P191 Development and validation of a 13-item short version of the IBD self-efficacy scale

Tanaka, M.(1);Kawakami, A.(1);Sakagami, K.(2);Terai, T.(3);Fernandez, J.(3);Keefer, L.(4);Ito, H.(2);

(1)Tokyo Medical and Dental University TMDU- Graduate School of Health Care Sciences-, Dep.Critical and Invasive-Palliative Care Nursing, Tokyo, Japan;(2)Kinshukai Infusion Clinic, Dep. Gastroenterology, Osaka, Japan;(3)Takeda Pharmaceutical Company Limited, Japan Medical Office, Tokyo, Japan;(4)Icahn School of Medicine at Mount Sinai, Division of Gastroenterology, New York, United States;


The IBD-Self-Efficacy Scale (IBD-SES) is an outcome measurement scale used in various countries, with psychometric properties that predicted psychological distress and showed moderate correlation with QOL. Although the 29-item IBD-SES is useful, a shorter instrument would increase the likelihood of usage. In this study, we aimed to develop a substantially shorter, but still as valid version of IBD-SES.


A total of 919 patients, 482 from a specialized IBD clinic (UC: 184, CD: 298) and 437 online (UC: 255, CD: 182), were used for psychometric assessment. The original 29-item IBD-SES was reduced using three major analytic steps (assessed ceiling or floor effect, correlation between items, test-retest reliability). The shorter version was evaluated on construct validity by confirmatory factor analysis, criterion validity by Pearson’s correlation coefficients with original version, and internal consistency by Cronbach's alpha coefficient.

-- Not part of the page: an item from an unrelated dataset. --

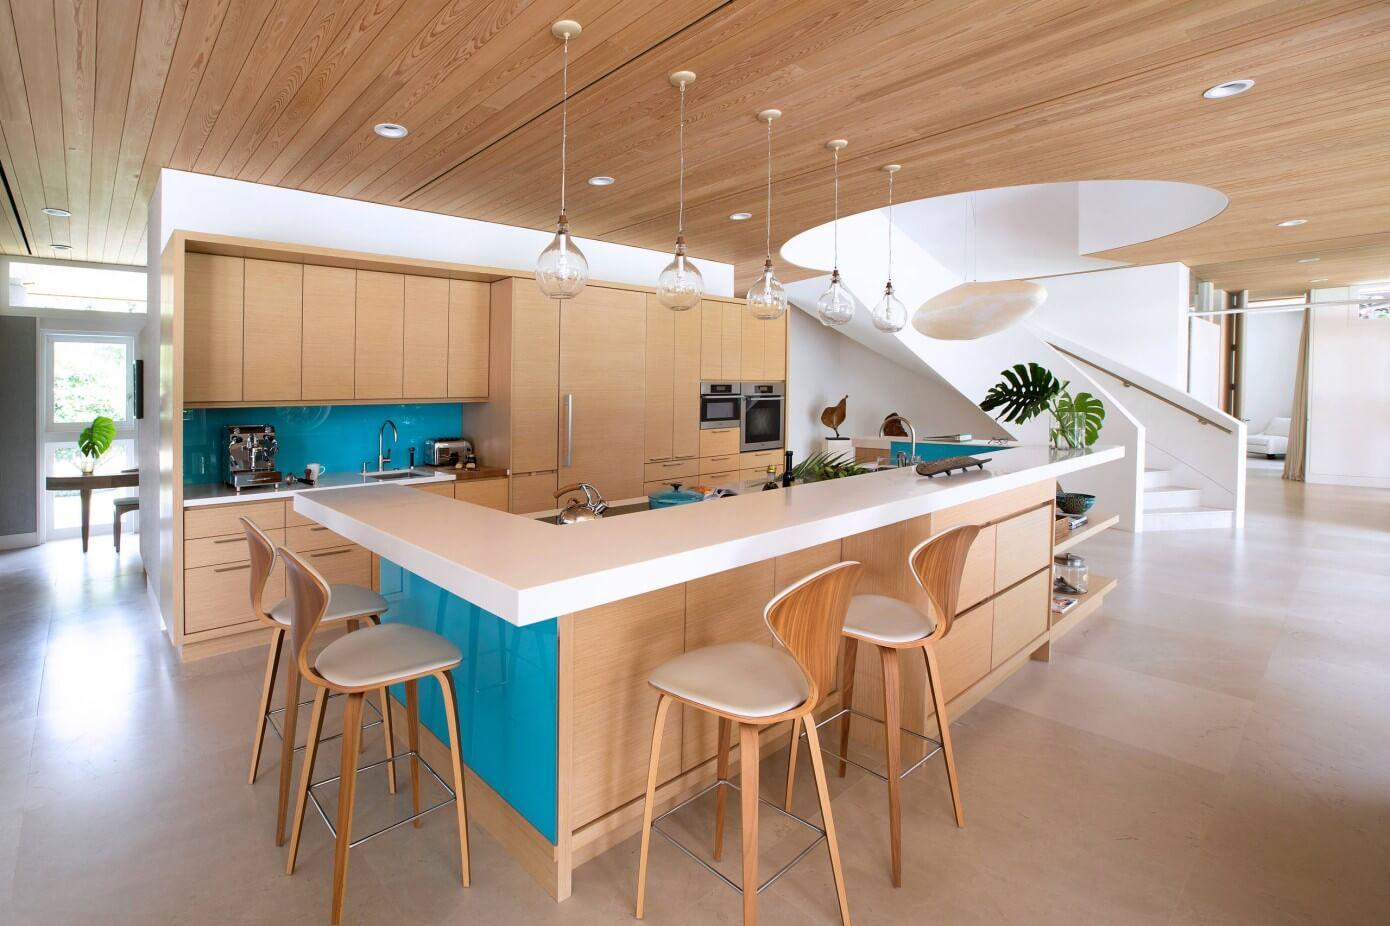 013 jupiter island home voce di id homeadore. Black Bedroom Furniture Sets. Home Design Ideas

In the item reduction process, the following items were removed: 2 items due to a ceiling effect, 12 additional items due to high correlation, 2 more items due to a low intraclass correlation coefficient (ICC). The short version was confirmed to consist of the same 4 subscales as the original version, [Managing Stress and Emotions], [Managing Medical Care], [Managing Symptoms and Disease] and [Maintaining Remission] and was validated by confirmatory factor analysis. The fit indices were as follows: Normed χ2 = 7.18 (p < 0.001), comparative fit index (CFI) = 0.94, goodness-of-fit index (GFI) = 0.93, adjusted goodness-of-fit index (AGFI) =0.89, parsimony goodness-of-fit index (PGFI) = 0.60, and the root mean square error of approximation (RMSEA) = 0.084. Correlation with the original IBD-SES in each subscale was high (0.97-0.98). Cronbach’s alpha for each subscale ranged from 0.68 to 0.86.


The study showed that the revised scale has improved psychometric properties and demonstrated the reliability and validity of the IBD-SES13. The revised scale could provide clinical usefulness with the possibility of higher response rates.